In this example, itertools_matrix_multiply() uses itertools.starmap() to perform the element-wise multiplication and then calculates the sums for each result. This method may improve readability for those familiar with itertools and functional programming styles.

Bonus One-Liner Method 5: List Comprehension with zip

Python’s list comprehension can often be used to express complex operations in a single line. Here, it is combined with zip and sum for a compact matrix multiplication implementation.

Here’s an example:

A = [[1, 2, 3], [4, 5, 6]]
B = [[7, 8], [9, 10], [11, 12]]

# One-liner Matrix Multiplication
result = [[sum(a*b for a, b in zip(row, col)) for col in zip(*B)] for row in A]

print(result)

Output:

[[58, 64],
 [139, 154]]

This one-liner compresses the entire matrix multiplication process into a single list comprehension which operates identically to the nested loops approach but in a more compact form. This method is incredibly succinct but may sacrifice some readability, especially for those less comfortable with Python’s functional programming constructs.

Summary/Discussion

  • Method 1: Nested Loops. Straightforward, mirrors the manual multiplication process. Inefficient for large matrices.
  • Method 2: NumPy Library.
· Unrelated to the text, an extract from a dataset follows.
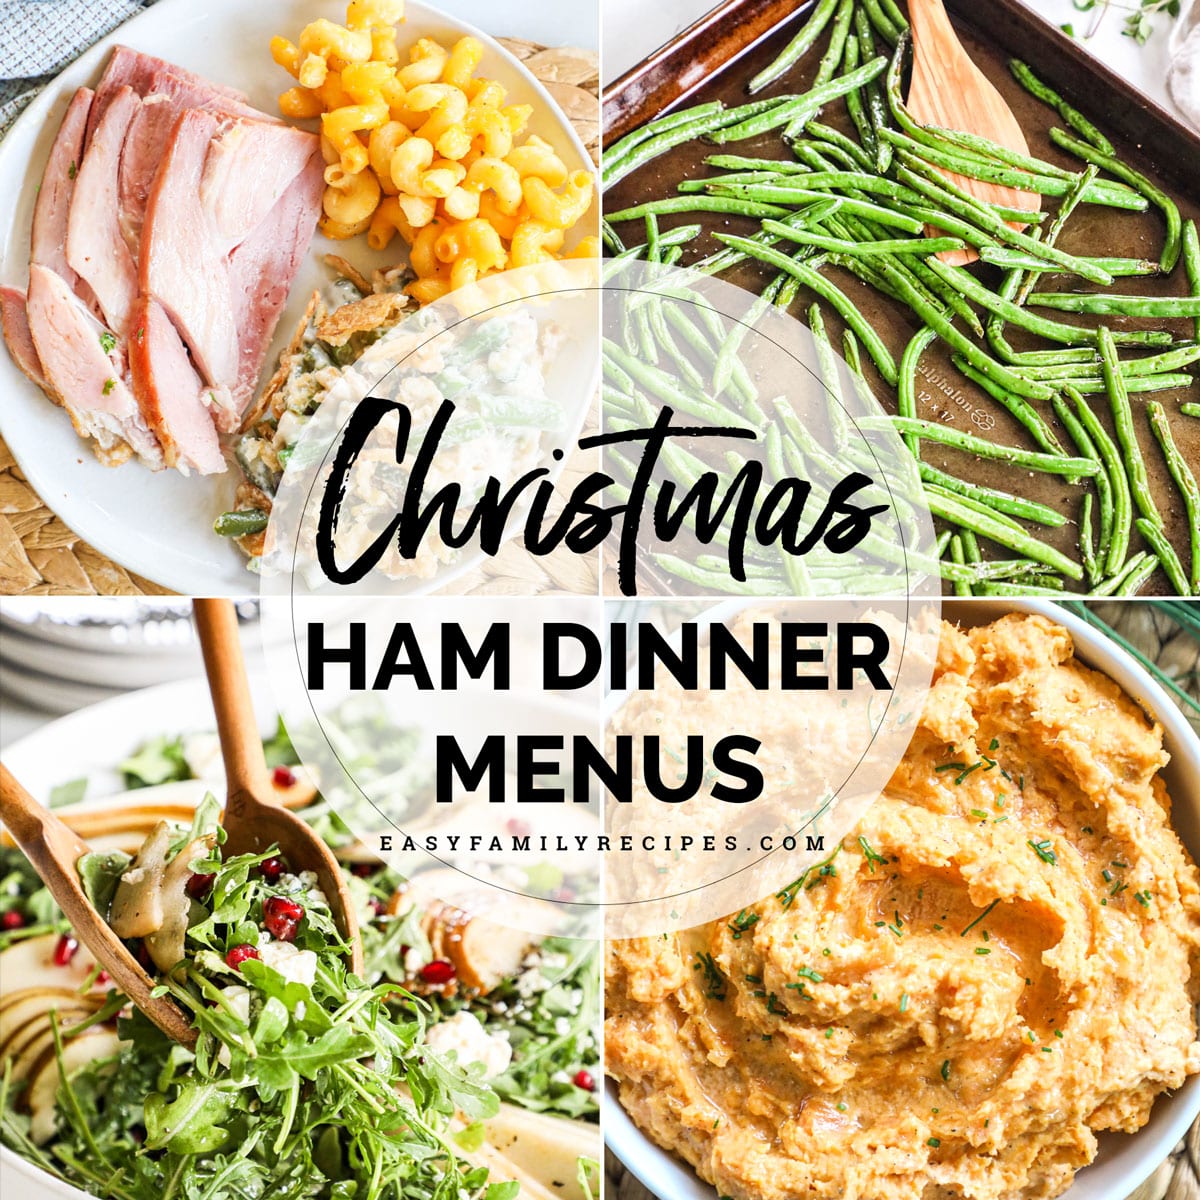 4 photos with text overlay Christmas Ham Dinner Menus

Efficient and concise. Requires an external library and is not suited for environments where NumPy is not available.
  • Method 3: operator Module. Somewhat more Pythonic than nested loops. No significant performance benefit over the nested loops method.
  • Method 4: itertools. Improves readability with functional programming. Still not as efficient as NumPy for large matrices.
  • Method 5: One-Liner List Comprehension. Extremely compact. May be confusing to read and debug for novice Python programmers.